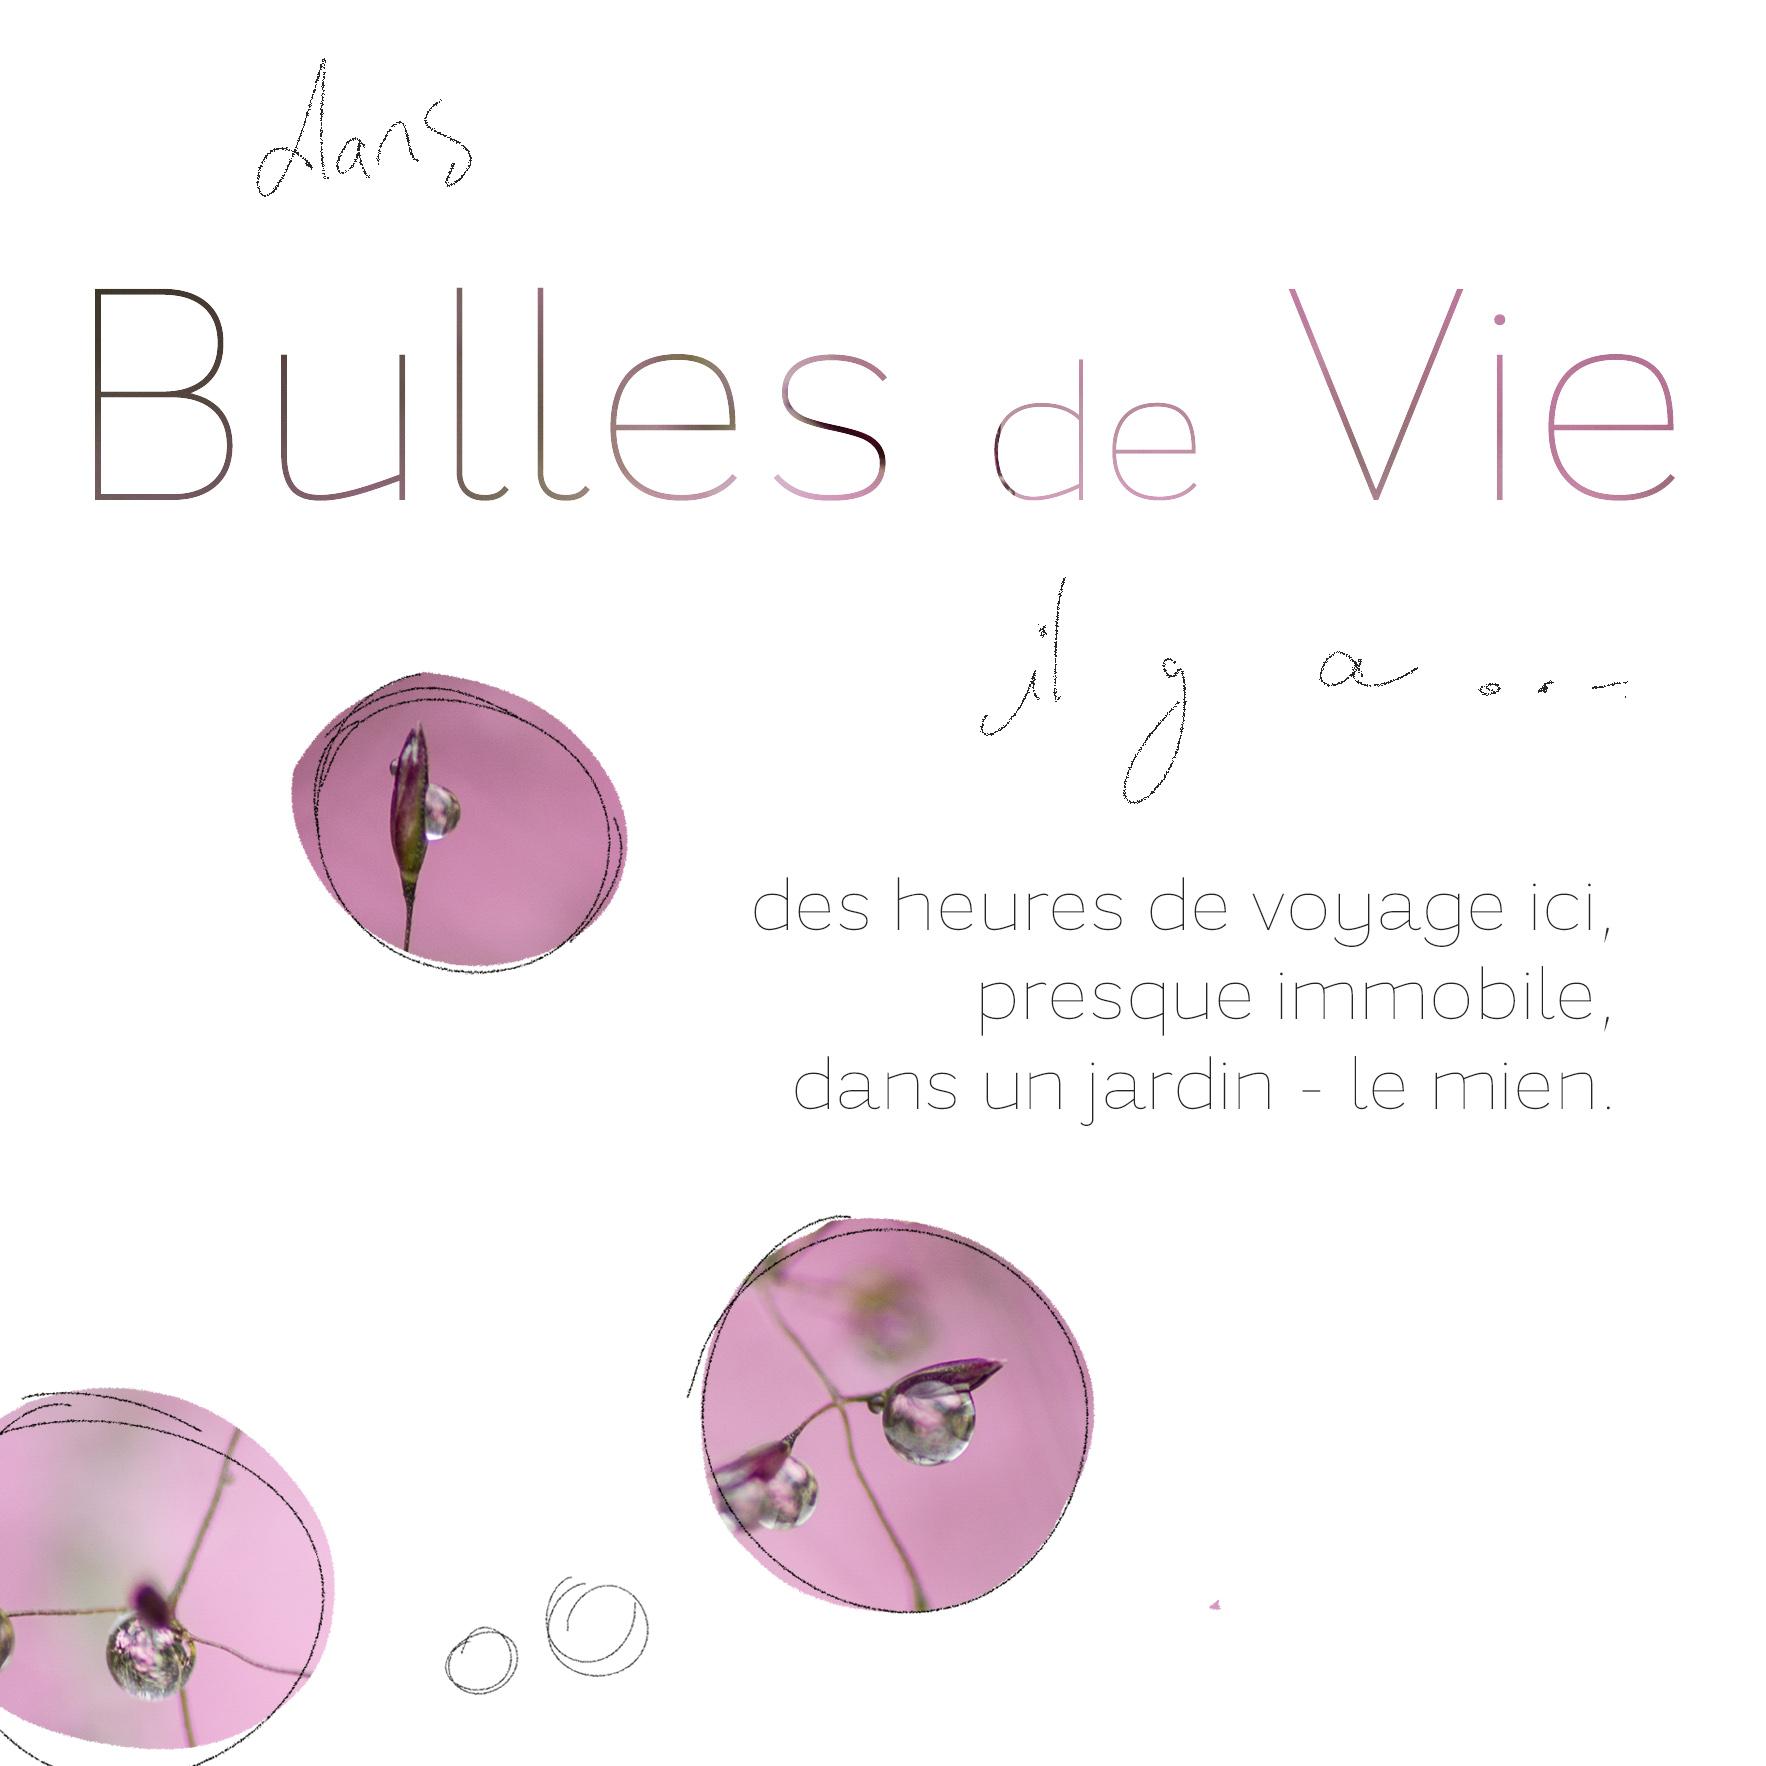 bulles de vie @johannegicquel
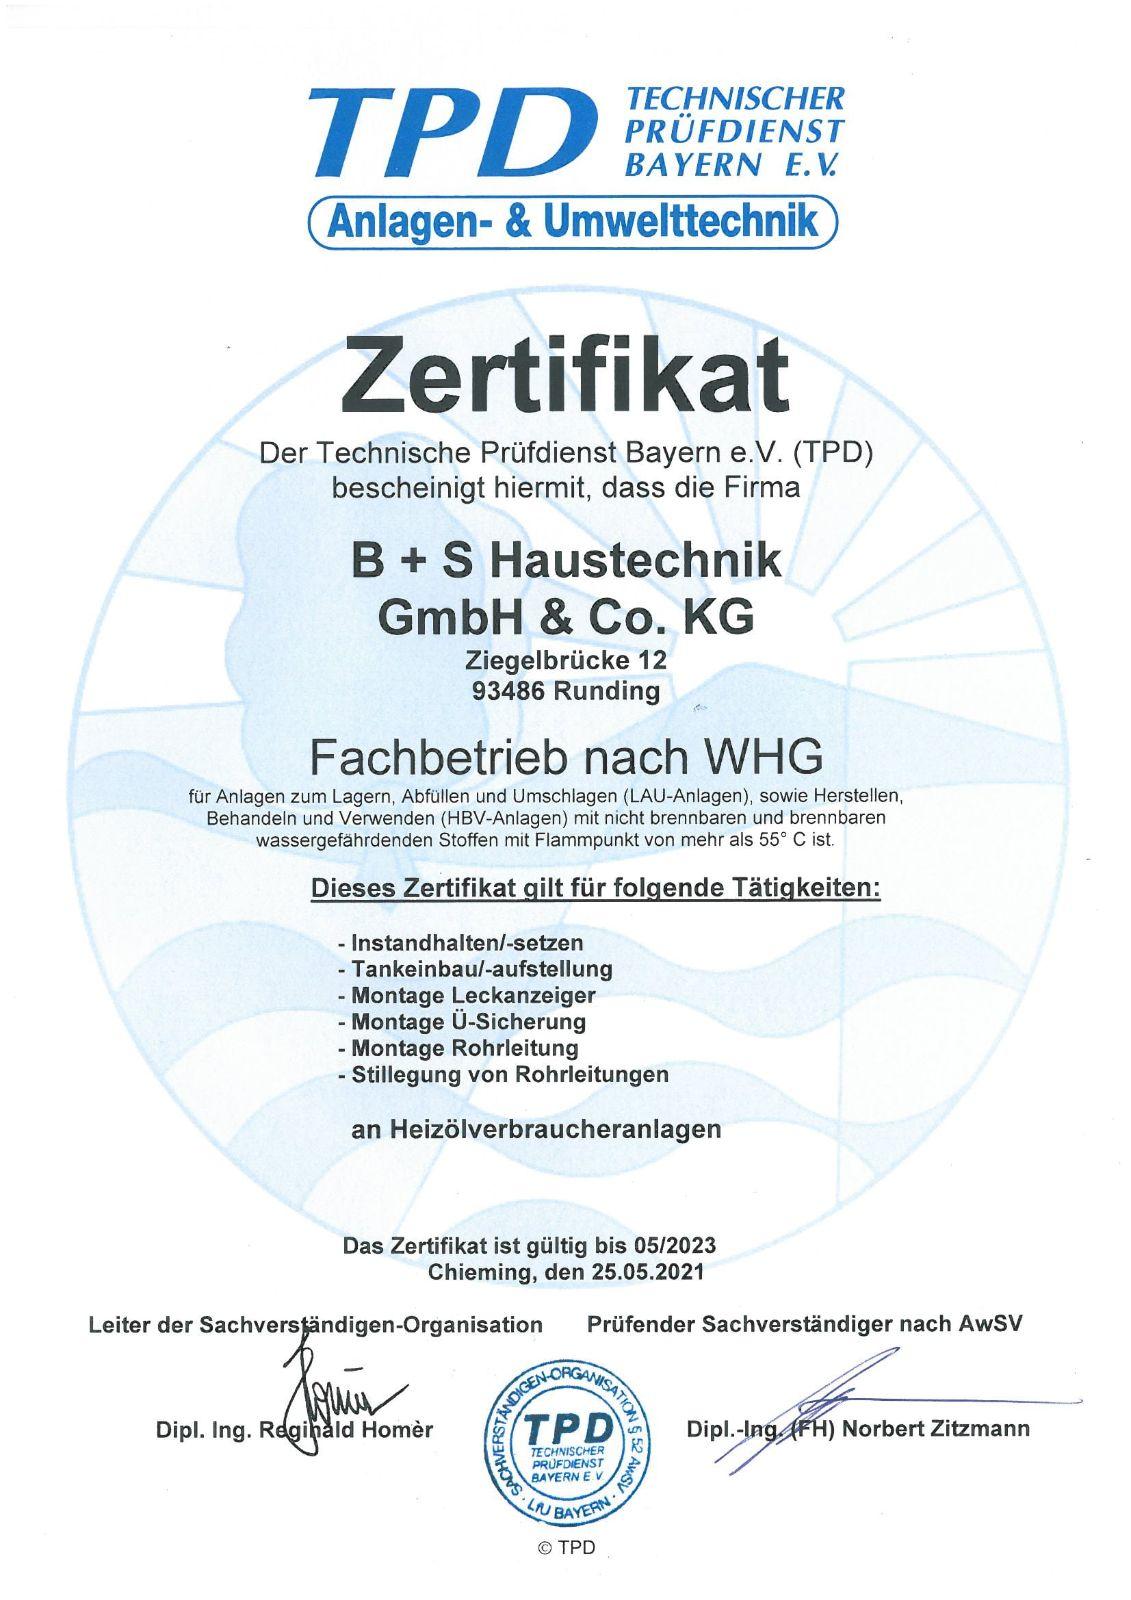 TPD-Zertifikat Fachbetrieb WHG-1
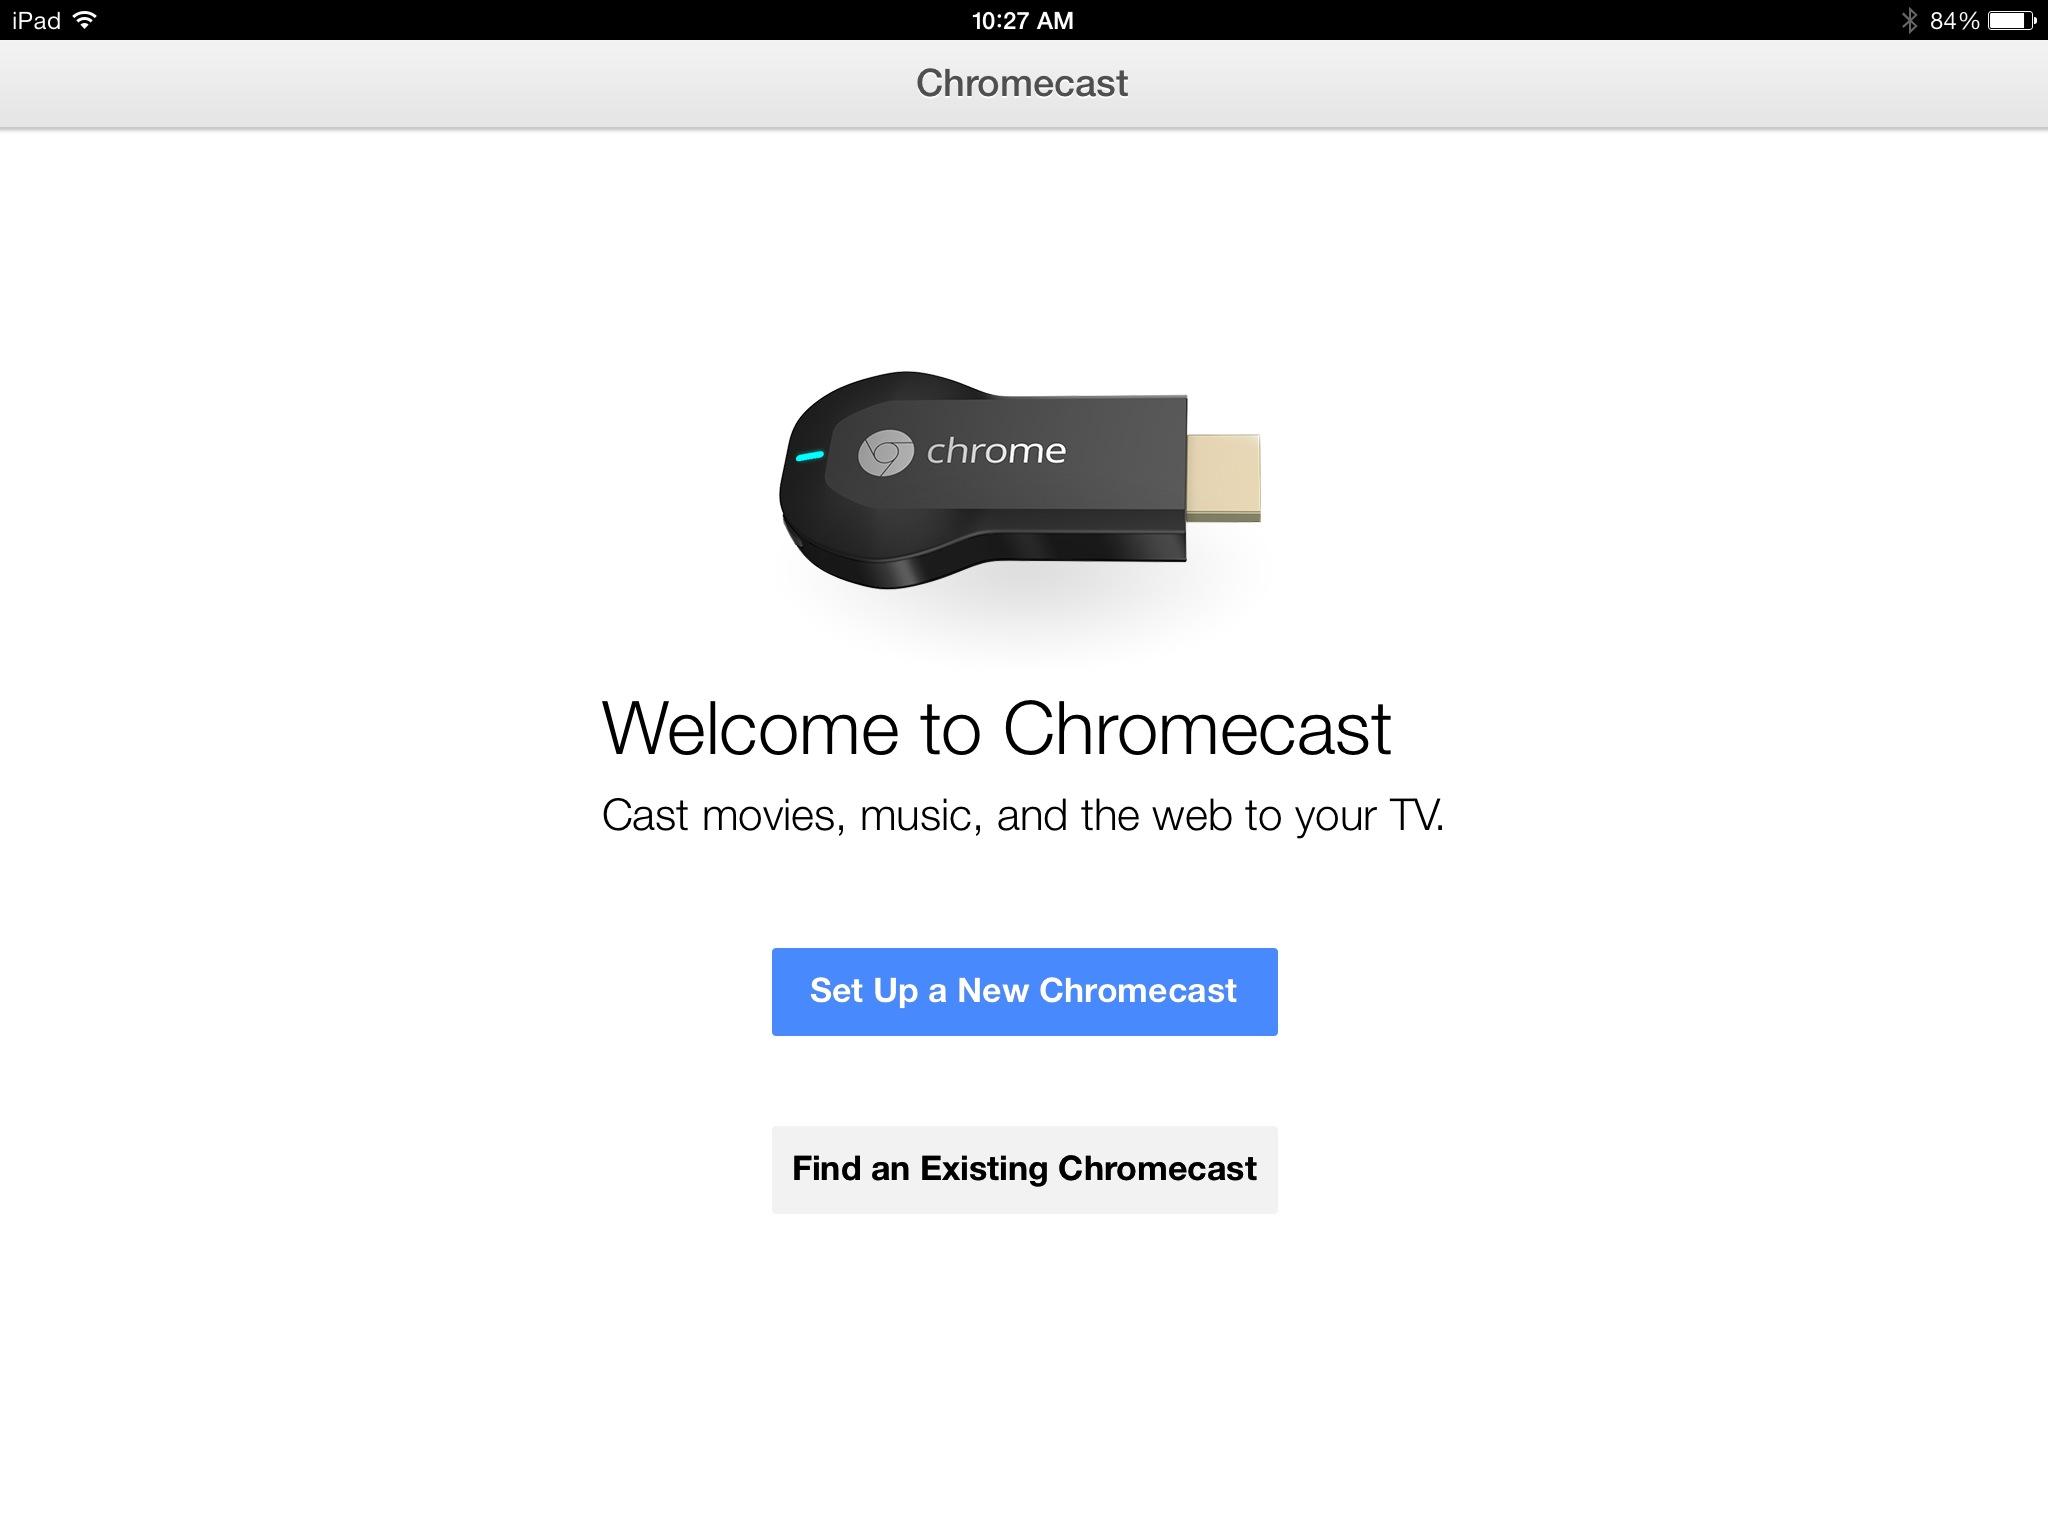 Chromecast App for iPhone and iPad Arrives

--

PROBLEM TO WORK ON:
Print out the material word for word, omitting the pictures.

EXERCISE ANSWER:
 bulles de vie @johannegicquel
 TPD-Zertifikat Fachbetrieb WHG-1
 Chromecast App for iPhone and iPad Arrives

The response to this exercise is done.